– Игорь Леонидович, а ведь юбилей действительно странный. Кто-то даже скажет – искусственный.
– Любой юбилей – вещь довольно условная. Иногда это повод для группы заинтересованных лиц с помощью юбиляра напомнить о своем существовании. Но вообще-то помнить о классиках уместно всегда, а не только таща их в красный угол по торжественным дням. С другой стороны, в наших условиях юбилеи – форма выживания культуры. Попытка остановиться, оглянуться и спросить себя: кто мы? зачем? каково наше предназначение в этом мире?
– А почему именно в октябре отмечается пятисотлетие? Тоже историческая условность?
– Ни у одного отечественного классика нельзя установить с точностью до дня начало рода. В случае Достоевского за исходную дату взяли 6 октября 1506 года, когда князь пинский Федор (Федор!) Иванович Ярославич пожаловал «вечно и непорушно» несколько дворов в селе Достоево предкам писателя. Дело было в Великом княжестве Литовском, на территории нынешней Беларуси. Затем род движется на юг, на Украину, участвует в мятежах и войнах, переживает три раздела Польши┘ Ближайшие предки Достоевского по отцу – священники: как православные, так и униаты. Новейшие разыскания полностью подтвердили высказанное мною в книге «Родиться в России» предположение, что отец писателя – уроженец села Войтовцы, неподалеку от Брацлава.
– Дата, наверное, будет широко отмечаться┘
– Планы, к сожалению, весьма и весьма скромные. В Старой Руссе, в доме-музее Достоевского, где много лет директорствует любимая нами Вера Ивановна Богданова, откроются традиционные ежегодные чтения. Как обычно, состоятся научные конференции – в Петербурге, Омске, селе Даровом. Вот, пожалуй, и все. В октябре в Дрездене предполагают – при участии президента Путина и канцлера Меркель – открыть памятник автору «Карамазовых». В Беларуси 2006 год объявлен Годом Достоевского. Мне сравнительно недавно удалось побывать на симпозиуме по Достоевскому в Бразилии. Хотя, казалось бы, что ей, Бразилии, Гекуба? А у нас – полная тишь. Где национальные торжества в честь, может быть, самого известного в мире гражданина России? Подумаешь, Достоевский. Мы ведь получаем космические доходы от нефти. Но автор «Преступления и наказания» стоит всего золотого запаса страны. Он-то, собственно, и есть наш золотой запас. И даже – страшно молвить – стабилизационный фонд. Вопрос, как им распорядиться.

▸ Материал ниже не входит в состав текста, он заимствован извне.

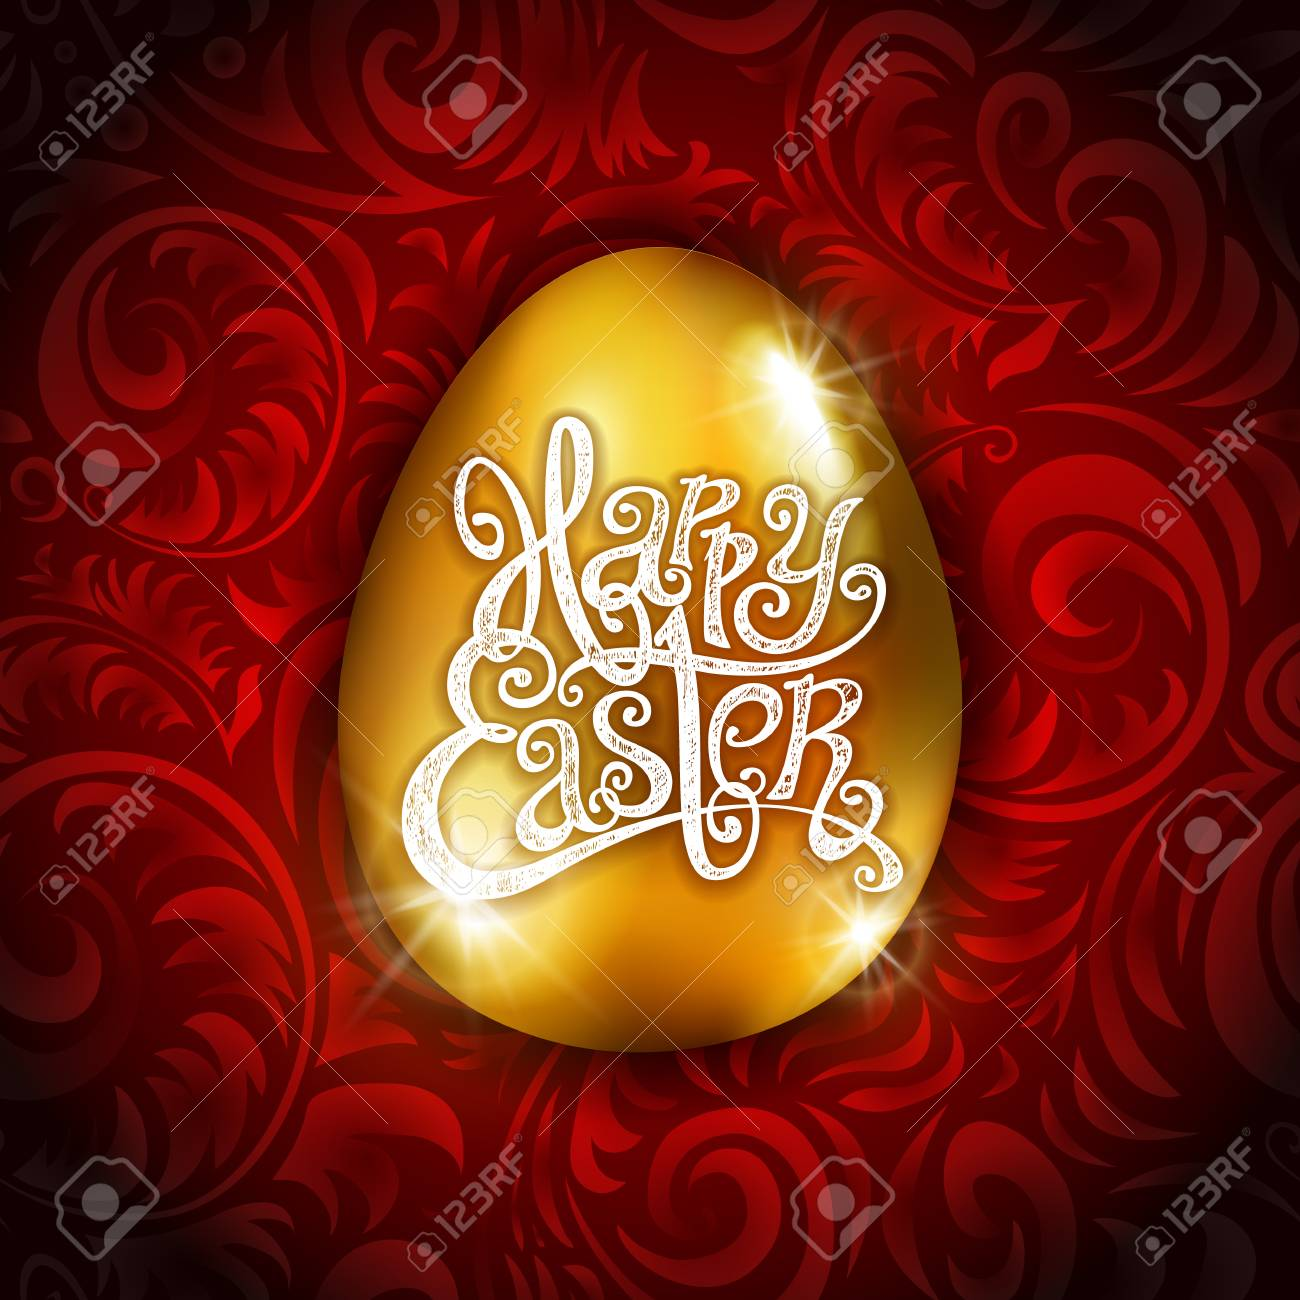 Vector Gold Foil Happy Easter Greeting Golden Egg Card Red

В конце года мы намереваемся провести симпозиум, посвященный 500-летию рода писателя. А еще наш Фонд хотел бы осуществить акцию «Маршрут Достоевского»: Достоево (Беларусь) – Войтовцы (Украина) – Даровое (Россия). С письмами по поводу юбилея к президенту и мэру Москвы обратились Фазиль Искандер, Андрей Битов, Евгений Евтушенко и другие писатели. Нас поддержала Московская городская Дума. Но средств, которые обещают (пока только обещают!) выделить, недостаточно. Спонсоры не просматриваются. Разве что старухи-процентщицы... Если серьезно, мы продолжаем уповать на Федеральное агентство по культуре и кинематографии и особенно на правительство Москвы, которое всегда благородным образом откликалось на наши призывы.
– Вы когда-то писали о необходимости создать Музей детства в селе Даровом┘
– Даровое – это сказка, но имеющая шанс сделаться печальной былью. 170 км от Москвы, под Зарайском. Место изумительное. Здесь Достоевский-ребенок провел не одно лето. Здесь ему явился мужик Марей. Здесь в чистом поле нашел свою смерть (скорее всего насильственную) его отец. И самое фантастическое, самое невероятное, что, несмотря на все катаклизмы, почти полностью сохранился исторический ландшафт. Мы видим практически то же, что видел юный Достоевский. Гений этого места еще не умер. Нужно незамедлительно, пока не поздно, пока все это еще не застроено особняками, не вырублено и не замощено, создать государственный историко-культурный заповедник. Много ли в России осталось подобных мест? И не будем ли мы, как всегда, посыпать голову метафизическим пеплом?
– Насколько обширна литература по истории рода писателя?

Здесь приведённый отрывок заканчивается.